Drew Barrymore should simply be given an Emmy. Her performance in HBO’s Grey Gardens is the stuff of legend that mirrors her famous last name.

Grey Gardens, airing April 18 at 8 pm, is also equally fantastic because of the subtle and nuanced performance of Jessica Lange. Remember the two so lovey-dovey at the Golden Globe awards in January? Well, now we see why.

When two actors of any walk of life come together and create magic, it is a special bond full of electricity. Watching Barrymore and Lange as the famous Bouvier kin of Jacqueline Bouvier Kennedy is dynamic television at its purest.

‘My mother gave me a completely priceless life’

Those are the iconic words of “Little Edie” Bouvier Beale, a woman who in fact lived her life well beyond priceless.

As inhabited by Barrymore, “Little Edie” is equally commanding, compassionate and audaciously uncompromising.

In Grey Gardens, mother and daughter Beale allows us to enter their anything-but-riches world of a reclusive East Hampton, New York mansion.

With the 1973 documentary of the same name as a guidebook, Michael Sucsy brings a story that adds layers to the mother-daughter tale. And in the hands of his actresses – Lange and Barrymore – Sucsy and Patricia Rozema’s script comes alive in ways that would make the subjects of the 1973 documentary quite proud.

Barrymore and Lange age over four decades. The demands on a performer to make those ions of time in the development of a persona seem believable in under two hours is immense. As “Big and Little Edie,” Lange and Barrymore form an thespian twosome for the ages. With the help of an impeccable make-up staff, Grey Gardens evolves efficiently over those 40 years courtesy of Sucsy’s even hand and Barrymore and Lange lighting up the screen.

By taking the journey over the Bouvier Beale’s lives, the contrast to their squalor-set end book-ended with the riches of the bulk of their history provides a resonance to the conclusion of the Bouvier Beale legend worthy of their celebrity.

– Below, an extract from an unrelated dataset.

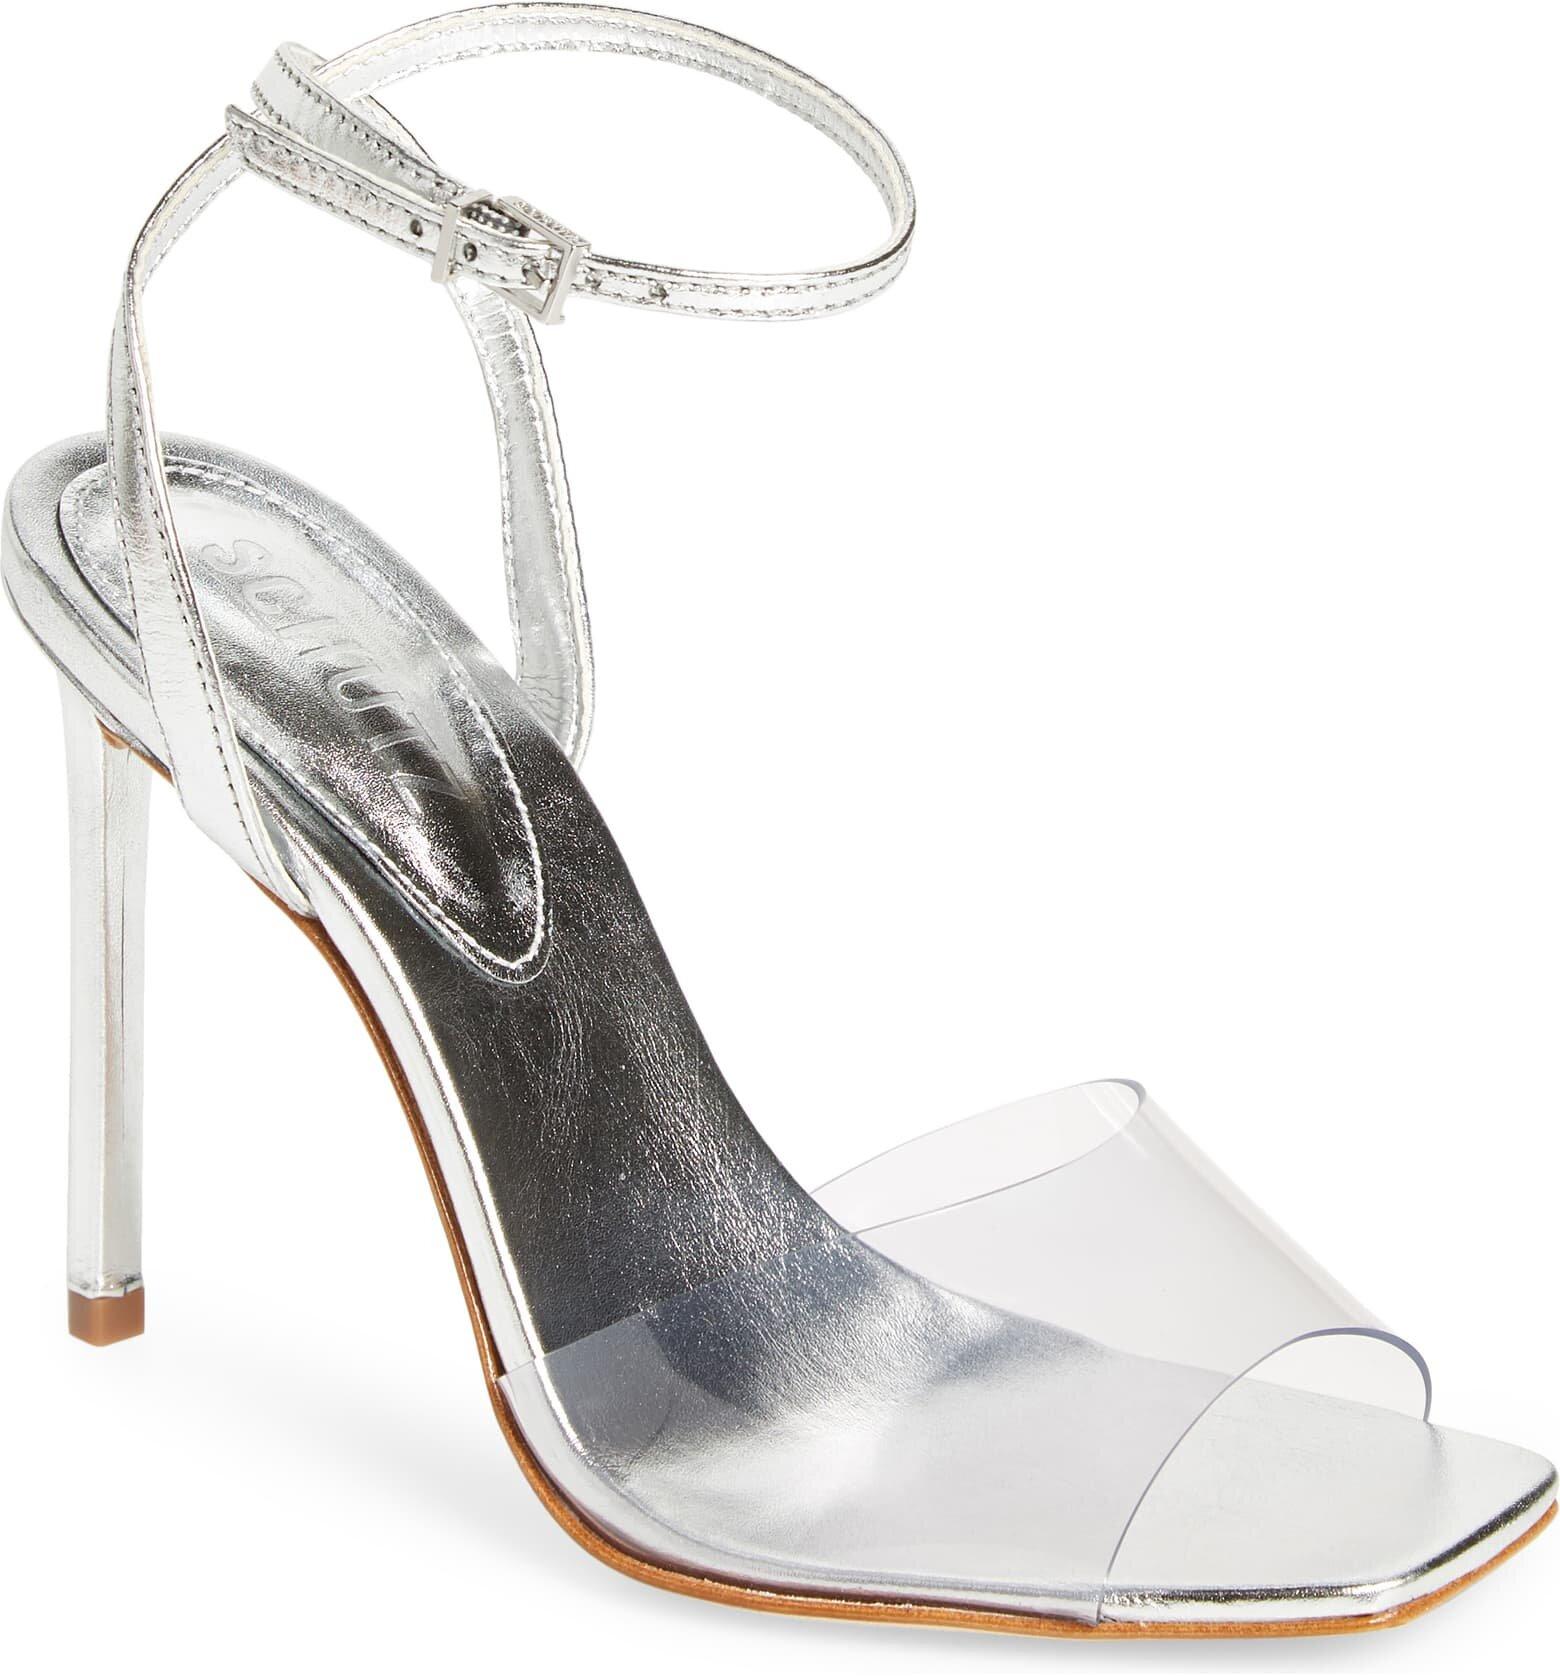 SCHUTZ Jamili Clear Ankle Strap Sandal.jpeg

Sucsy illustrates that in fact the reclusive pair did touch other people over their lives.

Not the least of which is Jacqueline Kennedy Onassis, portrayed with subtle grace by Jeanne Tripplehorn. By doing so, the writer director brings a color to Grey Gardens that makes the shades of Grey ending all the more emotive.

Thus far in 2009, Barrymore stands above all actresses on television or film in her stunning portrayal of “Little Edie.”

We have always known the incredible promise that is Barrymore and she has often shown it.

But in Grey Gardens, Drew digs deep and the results are nothing less than priceless.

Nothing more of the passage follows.